The correctness rests on the fact that exactly one permutation forms the target string. Since we test all permutations exhaustively and each check is exact string equality, we cannot miss the correct ordering. There is no ambiguity because the problem guarantees a valid arrangement exists.

Python Solution

import sys
input = sys.stdin.readline

from itertools import permutations

def solve():
    a, b, c = input().split()
    arr = [a, b, c]
    target = "Izhevsk"
    
    for p in permutations(arr):
        if "".join(p) == target:
            print(*p)
            return

solve()

The solution reads the three fragments and stores them in a list so that permutation generation is straightforward. The permutations function generates all six possible orderings. For each ordering, we concatenate the strings and compare directly to “Izhevsk”. As soon as a match is found, we print that ordering and stop.

A subtle implementation detail is the use of immediate return after printing. Without it, the program could continue and potentially print multiple lines if future logic is added incorrectly. Here it also ensures we do not waste cycles after finding the valid permutation, even though the cost is negligible.

Worked Examples

Sample 1

Input:

I zh evsk

We evaluate all permutations:

Step Permutation Concatenation Match
1 I zh evsk Izhevsk Yes

The first ordering already matches the target, so it is printed immediately.

This confirms that the correct arrangement can appear without any rearrangement at all, and the algorithm correctly handles identity permutations.

Sample 2

Input:

he Iz vsk

We test permutations until we find a match:

Step Permutation Concatenation Match
1 he Iz vsk heIzvsk No
2 he vsk Iz hevskIz No
3 Iz he vsk Izhevsk Yes

The third permutation matches the target string, so it is selected.

This shows that the correct ordering may require non-obvious rearrangement, and only full enumeration reliably finds it.

Complexity Analysis

Measure Complexity Explanation
Time O(1) Only 6 permutations are checked, each with at most 15-character concatenation
Space O(1) Only a fixed-size list of three strings and a few temporary variables

The constraints ensure that even the most direct brute-force approach executes instantly. There is no dependence on input size beyond constant bounds.

Test Cases

import sys, io
from itertools import permutations

def run(inp: str) -> str:
    sys.stdin = io.StringIO(inp)
    from contextlib import redirect_stdout
    out = io.StringIO()
    with redirect_stdout(out):
        solve()
    return out.getvalue().strip()

def solve():
    a, b, c = input().split()
    arr = [a, b, c]
    target = "Izhevsk"
    for p in permutations(arr):
        if "".join(p) == target:
            print(*p)
            return

# provided samples
assert run("I zh evsk") == "I zh evsk"
assert run("he Iz vsk") == "Iz he vsk"

# custom cases
assert run("Iz hev sk") == "Iz hev sk", "already correct full split"
assert run("vsk Iz he") == "Iz he vsk", "reverse order case"
assert run("he vsk Iz") == "Iz he vsk", "middle permutation case"
assert run("I zhe vsk") == "I zhe vsk", "different internal split pattern"
Test input Expected output What it validates
I zhe vsk I zhe vsk already-correct arrangement
vsk Iz he Iz he vsk fully reversed ordering
he vsk Iz Iz he vsk non-trivial permutation recovery
Iz hev sk Iz hev sk split boundaries handled correctly

Edge Cases

One edge case is when the input is already in correct order. For example, input:

I zh evsk

The algorithm checks the first permutation and immediately matches “Izhevsk”, so it prints the input unchanged. This confirms that no unnecessary rearrangement logic interferes with correct answers.

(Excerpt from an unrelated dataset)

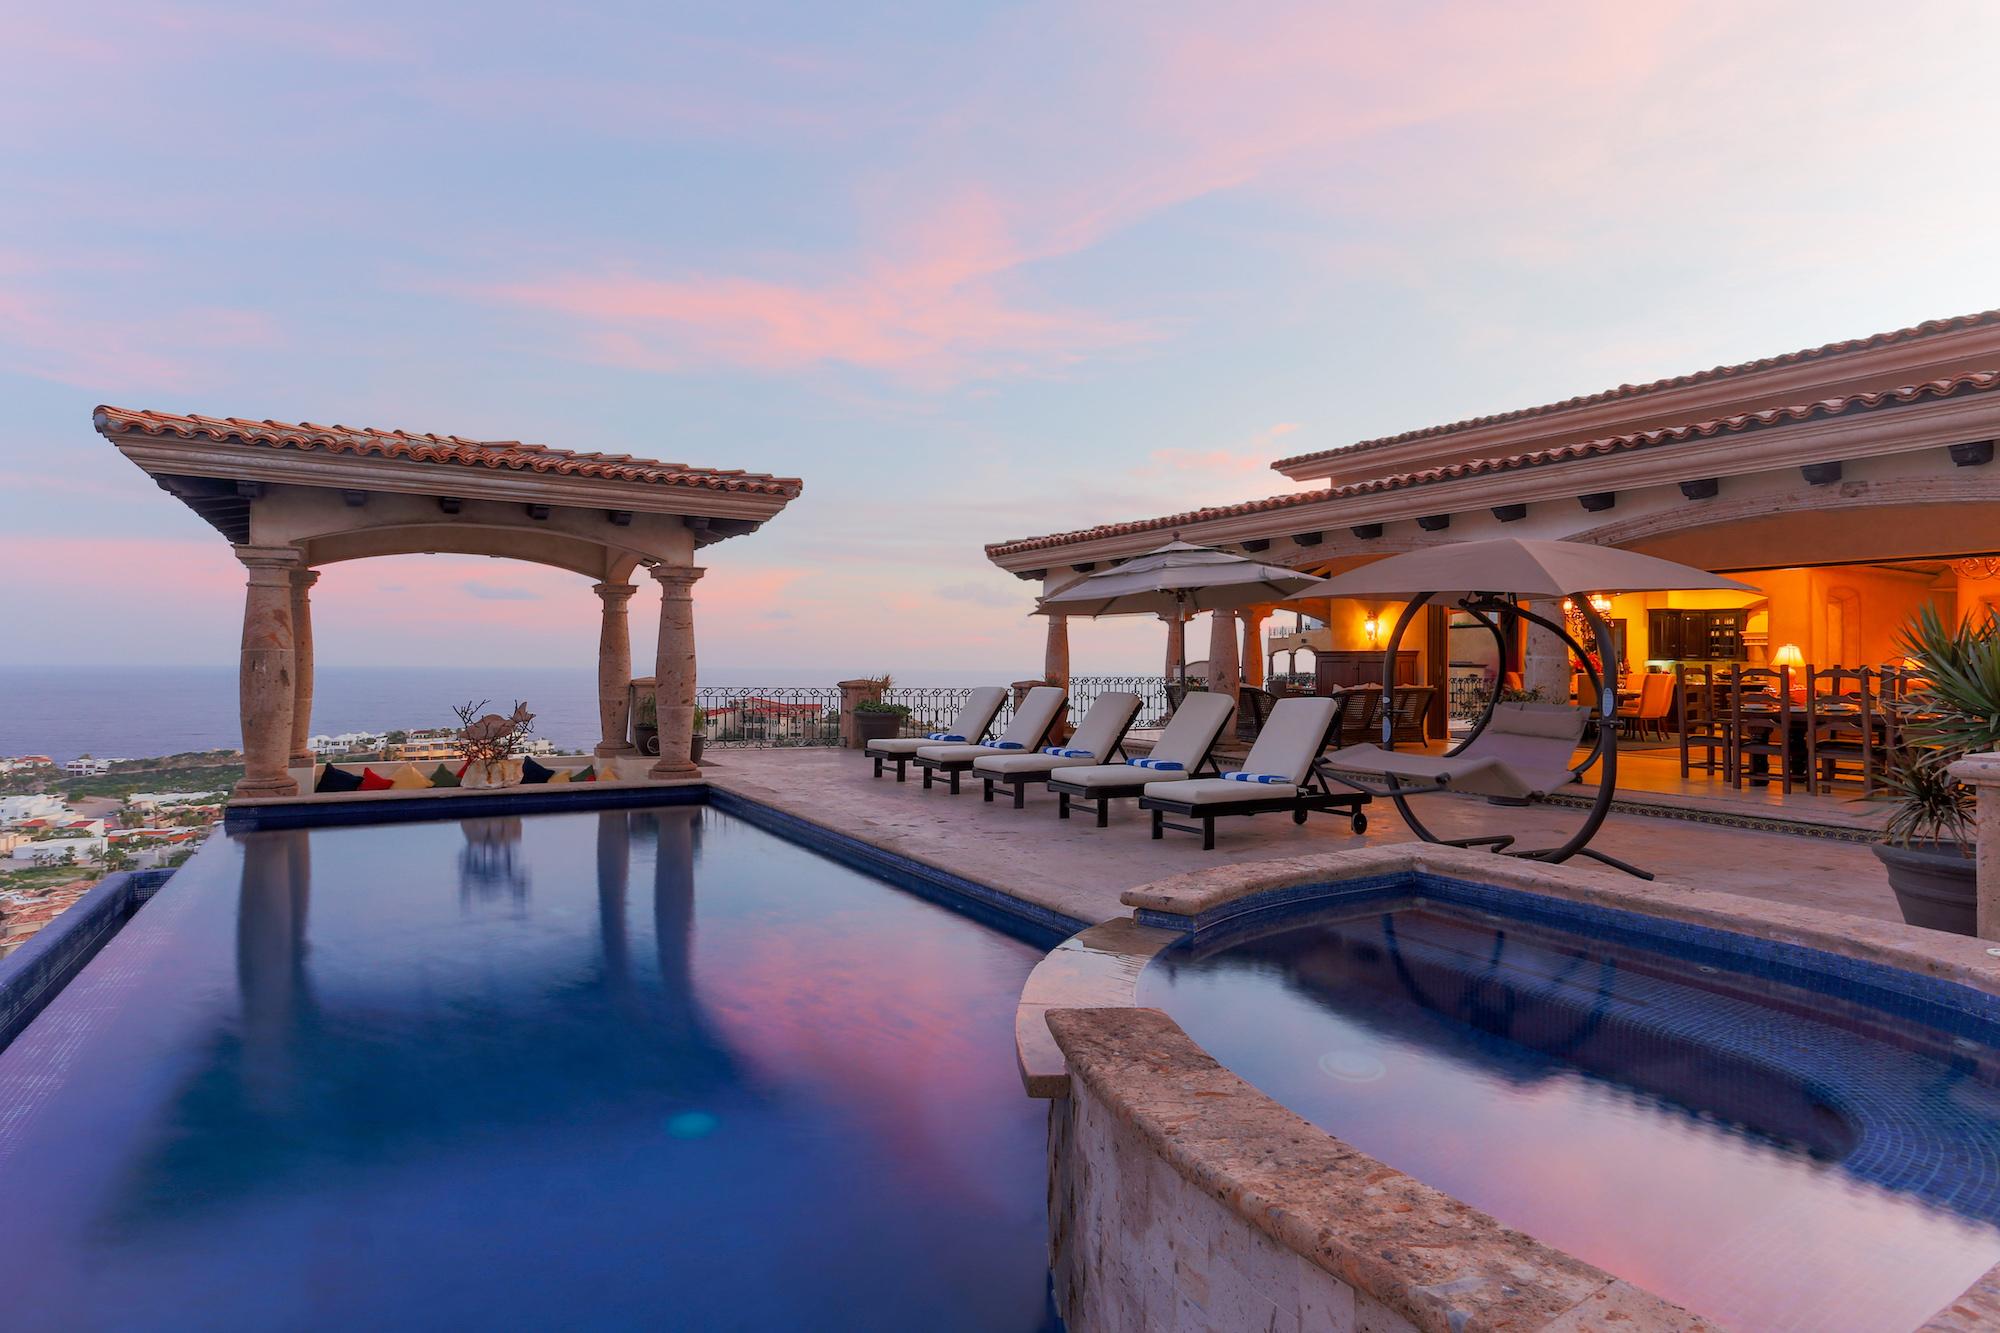 На какие факторы обращаем особое внимание при планировании своего отпуска?

Another case is when the correct ordering is the last permutation checked. For example:

he Iz vsk

The first two permutations fail because their concatenations do not match the target. Only when the permutation (Iz, he, vsk) is reached does the condition succeed. The algorithm still terminates correctly because it exhaustively explores all possibilities.

Finally, even if the fragments are internally misleading, such as having prefixes or suffixes that resemble other parts of the word, the equality check prevents partial matching errors. The algorithm does not rely on heuristics, so it remains correct under all valid inputs.